A small selection of photos that I shot from around the neighbourhood, that were used in the last issue of Four Minutes to Midnight.
Filed under: portfolio
After almost a year of work, I’m very proud to announce the launch of Life on Hold. Working with KNG FU in Montreal and the Al Jazeera team in Doha, we developed an immersive and intimate web documentary about the struggle of Syrian refugees in Lebanon. The website is structured around a series of character portraits (with more to be added soon), featuring first-person stories, glimpses into their day to day lives and contextual content that highlights the human side of the often deafening numbers of the Syrian refugee crisis.
Visit the site here, or see more details in our portfolio.
After several months of reflection, strategy and design, I’m proud to launch LOKI as an independent design studio resolutely focused on graphic design and social change work. The (re)launch includes an overhaul of our visual identity, a new website to showcase our portfolio of work, and the clarification of our positioning and purpose.
Bringing together over a decade of work split between the commercial, cultural and community spheres, the formation of LOKI marks a renewed and unified commitment to the creation of images, objects, and experiences that empower, engage and oppose. Graphic design aligned with movements, organizations and individuals that contribute to positive social change.
The launch also marks LOKI’s establishment within a great new office space in the Mile End, shared with Studio Byebye Bambi, JLL Photography and Pauline Loctin. If you’re in the neighbourhood, please feel free to come by for a visit some time!
In collaboration with Artivistic and Howl! Arts, we’ve just published Intimate / Distance, a new photo portfolio zine for Võ Thiên Viêt. Thiên has been a long standing friend and collaborator, and we’re very pleased to release this special project with him. The careful selection of photos reflects a desire to represent, within an albeit small sample, the breadth of Thiên’s work, beyond his celebrated documentation of the student strike of 2012.
In Gaza
An interactive memorial to the Gazans killed during Israeli Operation Protective Edge, July 2014. Created by Tarek Sherif and myself, with music by Stefan Christoff and Rebecca Foon. The dead have names… (most of them)

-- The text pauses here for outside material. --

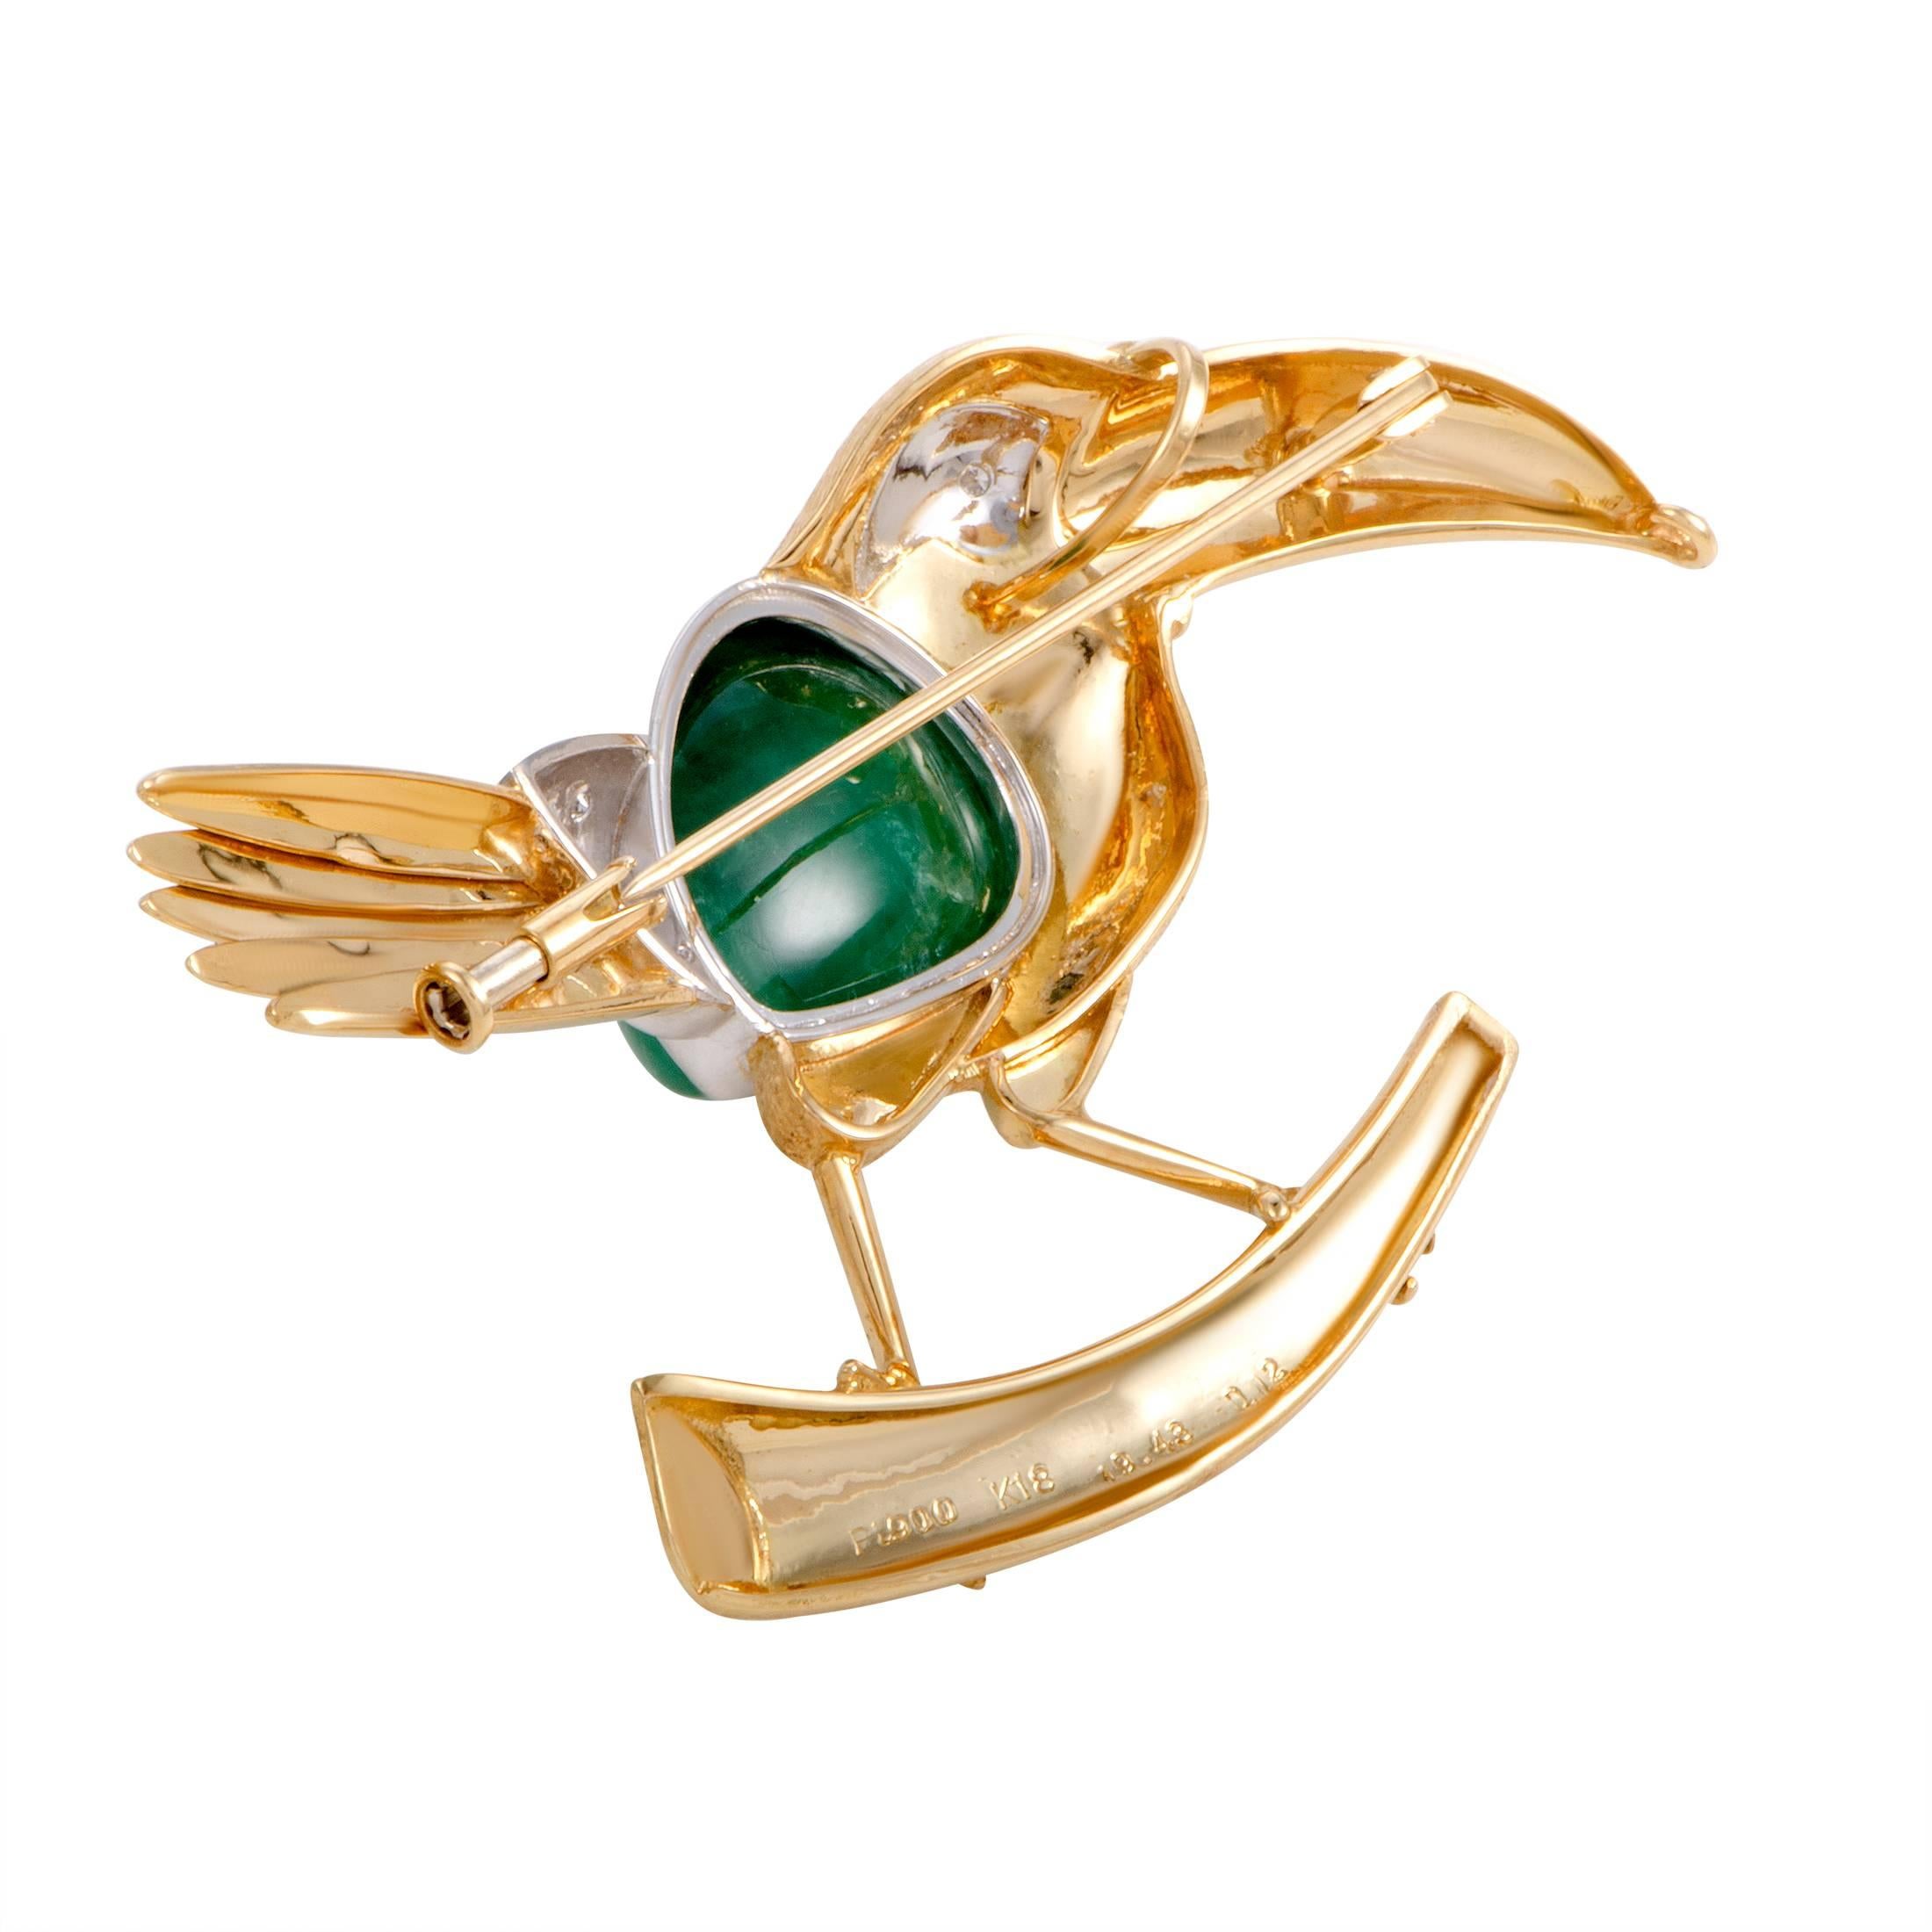 Depicting a bird in an exceptionally luxurious manner, this eye-catching brooch offers an incredibly offbeat, fashionable appearance. The brooch is made of 18K yellow gold and platinum decorated with 0.12 carats of diamonds and a captivating emerald

6 years ago, I designed a street poster in opposition to Israel’s “Operation Cast lead”, and in support of the Boycott, Divestment and Sanctions movement. In 2010, I helped to launch Imaging Apartheid, the poster project for Palestine, which also included a silkscreen version of the poster, printed by Jesse Purcell of Just Seeds. Over time, the poster design and the project have expanded their reach, and I’m proud that my contributions have brought visibility to the cause of Palestinian liberation.
“The word is the canary, and its feathers are falling out.”
After an extended hiatus, Four Minutes to Midnight returns with our thirteenth issue, a lovingly produced edition of typography and poetics, photography and collage, design polemics and radical politics, paper and ink. Thematically, the issue emerges out of our experience of the Québec Student Strike, but is not specifically “about” it, acting more as a reflection on 10 years of community organising, designing and publishing, making music, and strolling through gentrifying neighbourhoods in opposition to neoliberal capitalism.
The issue features visual art, writing and design from a diverse host of local and international contributors, including the Dutch design studio Experimental Jetset, performance artist and author Jacob Wren, Montreal photographer Vo Thien Viet, Toronto writer and editor Hillary Rexe, and the Montreal artist and collagist Madame Gilles.
I’m very excited to announce the upcoming Howl! Arts Festival—les voix survolent la ville, a celebration of art and revolution. This first edition, taking place over 6 days at the end of April, brings together a host of local artists and events committed to the deepening of community engagement and grassroots activism, with a focus on the struggles of First Nations, Inuit and Metis.
The festival opens with a benefit concert for Missing Justice featuring Odaya, Sarah Pagé and AurorA, followed the next evening by Regards sur le 7eme feu. This 11 musician ensemble performance presents a conceptual work envisioned and composed by Xarah Dion and Stefan Christoff, exploring issues around the future of the North. Other events include a fundraising concert for those arrested under the unjust Montreal bylaw P6 during (and after) the Quebec student strike of 2012, a screening of Alanis’ Obomsawin’s documentary film Hi-Ho Mistahey!, and a panel discussion on the relationship between art and gentrification.
The festival closes with the launch of the 13th issue of Four Minutes to Midnight, which has been almost two years in the making. Much more on that very soon!
The visuals and poster for the festival were created by LOKi design, and printed by Chris at la Presse du chat perdu. The graphic approach was equally inspired by the explosive force of Vorticism, the imagery of a dense city seen from above, and a personal attempt to work with abstraction in a politically coherent way.